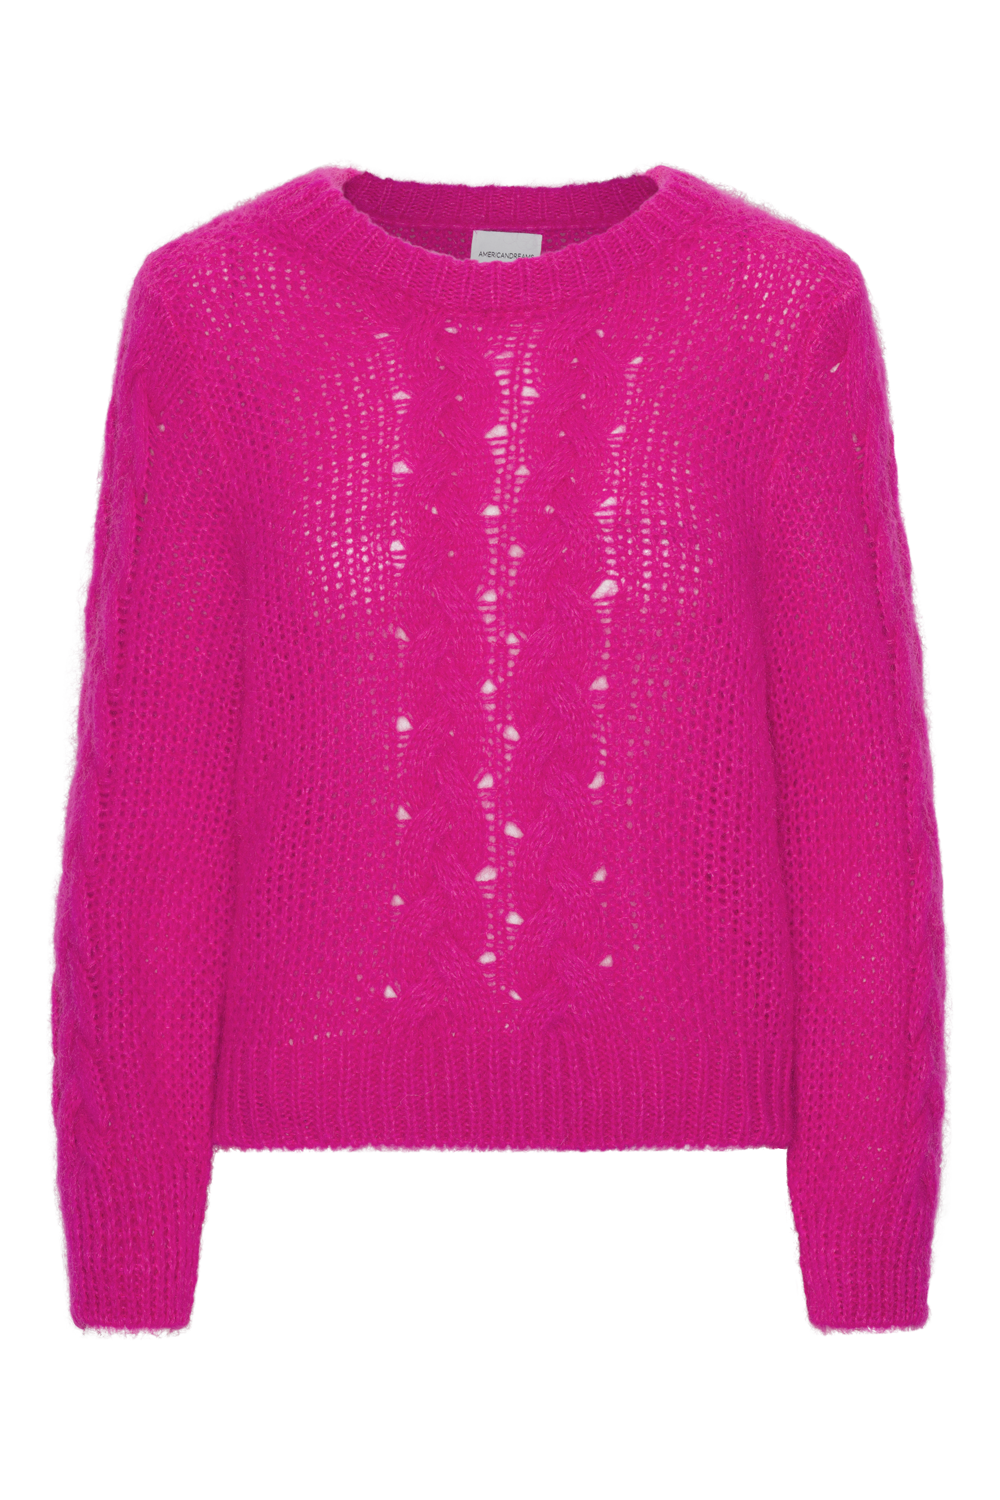 Louisa Cable Knit Pullover Neon Pink - Sample
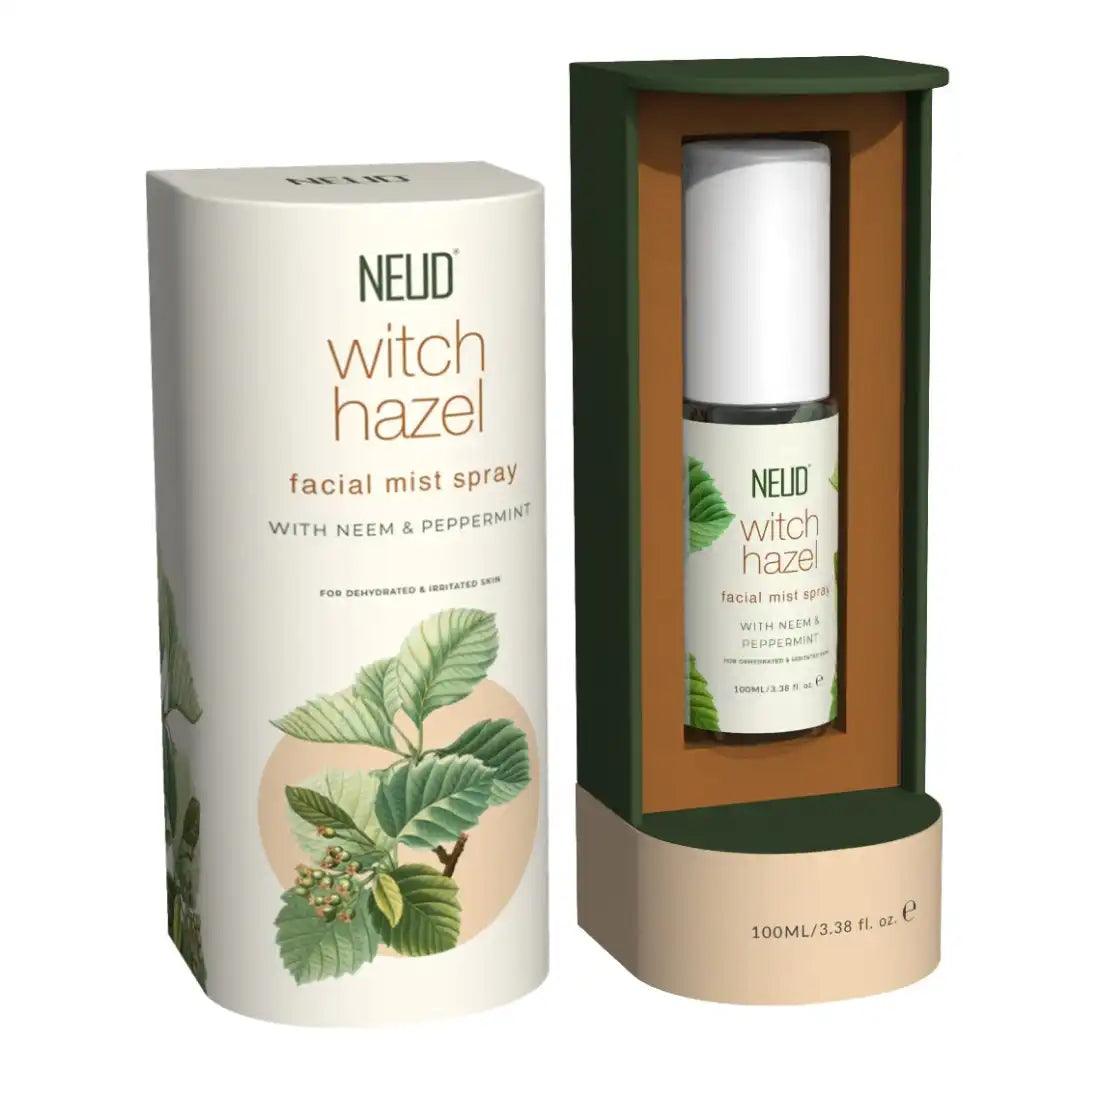 Buy 1 Pack NEUD Witch Hazel Facial Mist Spray 100ml For Dehydrated and Irritated Skin - everteen-neud.com
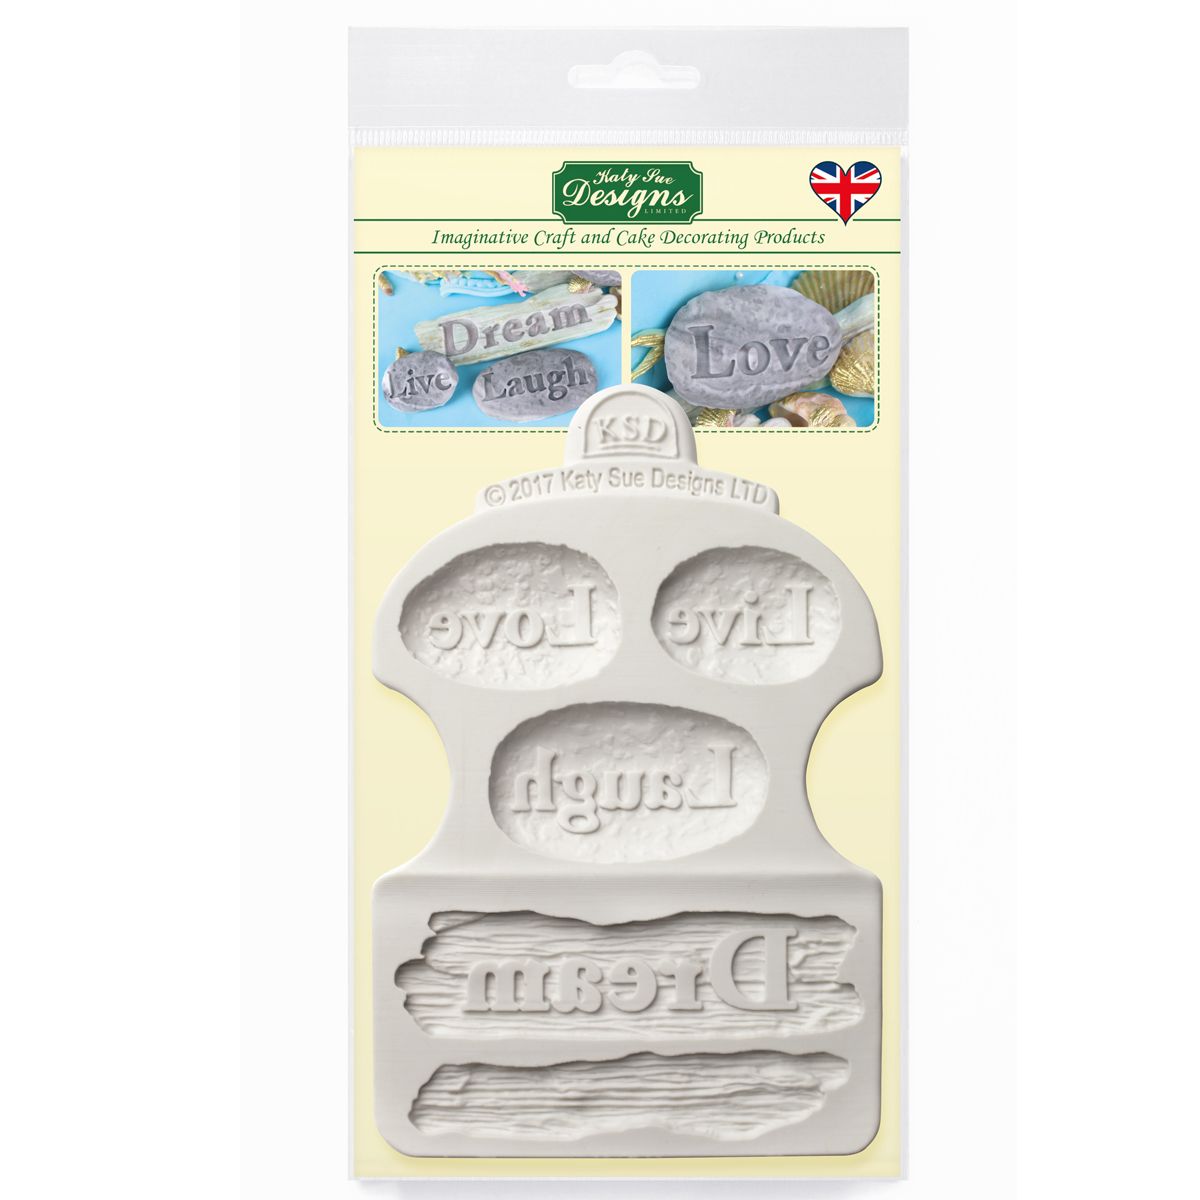 Forma Mould Driftwood a Word Stones CE0071, Katy Sue
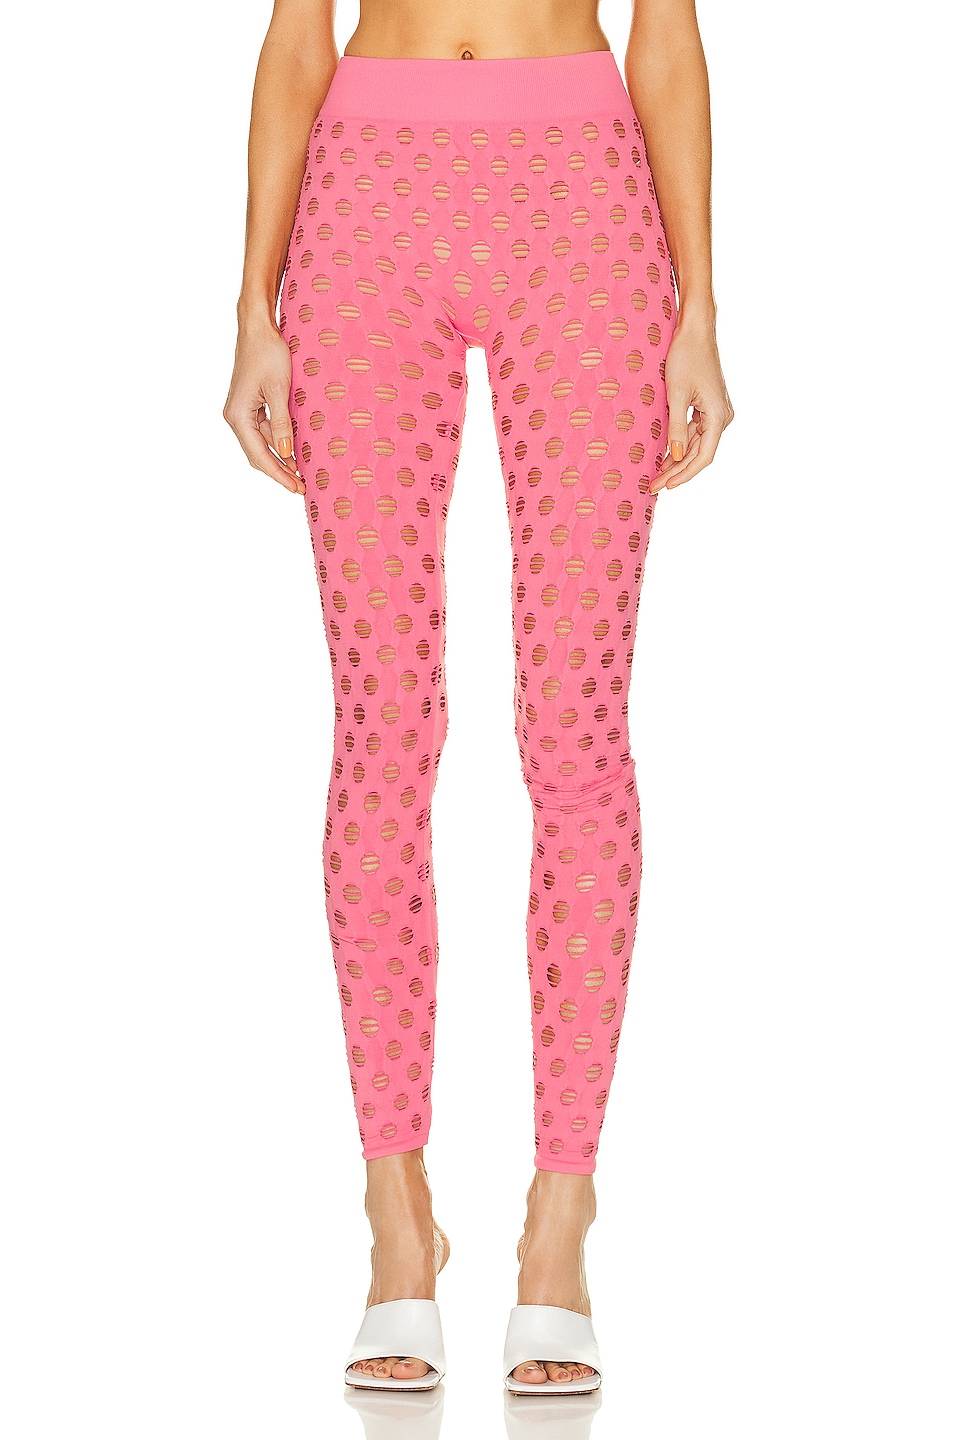 Image 1 of Maisie Wilen Perforated Legging in Pink

####

### Task goal:
Emit an exact copy of the lines from the line bearing "Buy 1 Pack NEUD" through the last line above, inclusive, and leave the images out.

### Answer area:
 Buy 1 Pack NEUD Witch Hazel Facial Mist Spray 100ml For Dehydrated and Irritated Skin - everteen-neud.com
 Forma Mould Driftwood a Word Stones CE0071, Katy Sue
 Image 1 of Maisie Wilen Perforated Legging in Pink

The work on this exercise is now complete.